Bore gaging, already a significant factor in manufacturing, has become increasingly important in metrology because of the growing concern for total quality assurance (TQA). Compared with outside-diameter (OD) measurement, bore gaging creates more engineering challenges by the very nature of its special role in QA. This is especially true when measuring difficult-to-assess internal features such as splines, threads, and deep bores.

Pistol-grip bore gages are very adaptable to measuring special features such as spline pitch diameter, ball races, and ball nuts.

As machine capability increases, so does the demand for dimensional gaging to cope with tighter limits on tolerances and greater complexity of component parts. Some manufacturers are not so much concerned with making the component to a specific tolerance band as they are with size variation from component to component. This gives them better control of their process, but it also means that the gage they use must be able to discriminate size variation better than before.

Many manufacturers now require that any in-process or post-process gage record and send the measured size of a component to a statistical process control (SPC) or data collection system.

Making a gage choice

In choosing a bore gage, begin eliminating those types of bore gages that are least appropriate for a production environment.

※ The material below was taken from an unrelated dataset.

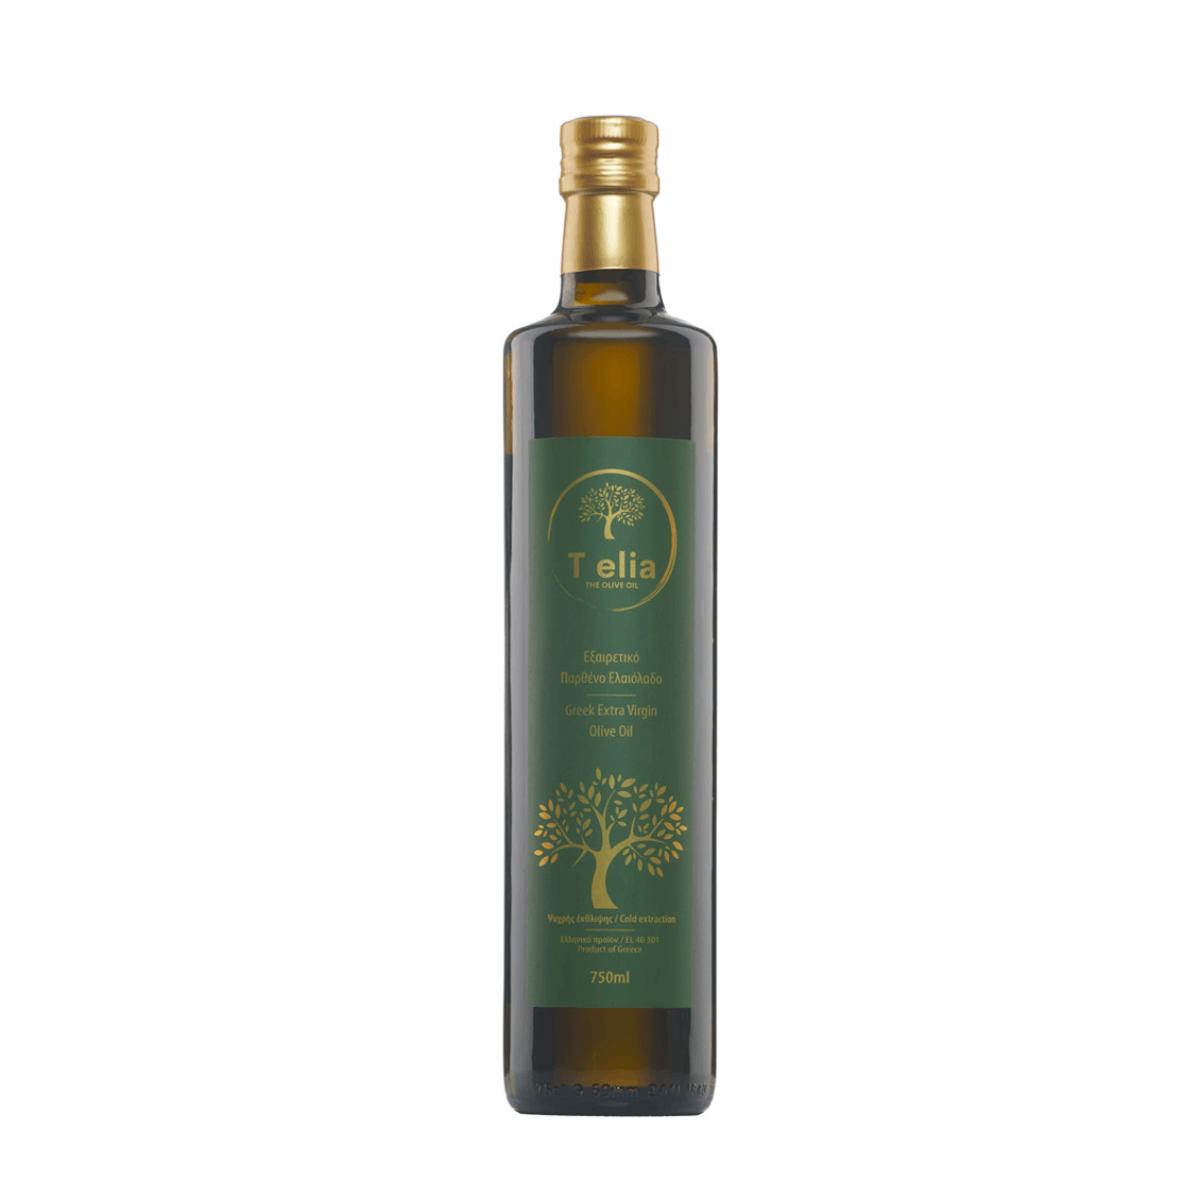 Telia Olive Oil – Premium EVOO 750ml

Noncontact measurement techniques, including optical and laser methods, tend to be bulky, relatively expensive, and inflexible when measuring special internal features. Such gaging requires the part to be taken to the gage. Not all types of noncontact systems are suitable for a production environment, and many entail high maintenance costs.

Coordinate measuring machines (CMM) are occasionally found in production situations, but many are expensive and they can be relatively slow. Parts cannot be checked while in the machine. CMMs also have high initial and maintenance costs.

spherical anvils help adjust for axial gage head misalignments of up to ± 10 degrees

Another gaging method is the use of plug gages. However, plug gages do not allow for electronic data collection for SPC systems. Each plug gage is suitable for only one specific bore size, and it has no working range. It only confirms if the part is good or bad and cannot identify subtle drifts of component size variation within the tolerance band. As it is both the reference master and the working gage, it is subject to wear, and there is a subsequent cost for recalibration or replacement.

Two and three-point contact measurement is a popular solution as a production gage and provides many options. The gage is typically calibrated to a reference master, such as a setting ring, which means that only the setting ring itself must be calibrated regularly. For this reason, the reduction in operating costs compared to pin or plug gages is significant. Depending on the type chosen, gages under this description can have a wide working range. Moreover, they offer the best flexibility for adaptation to special feature measurement. Both two- and three-point contact methods can measure deep into bores, have lower initial and maintenance costs, and are portable. Digital versions can interface with SPC systems.

Two- and three-point bore-gage options

After a manufacturer has made the decision to use a bore gage for his application, there are still some choices to be made among the use of various two- and three-point devices.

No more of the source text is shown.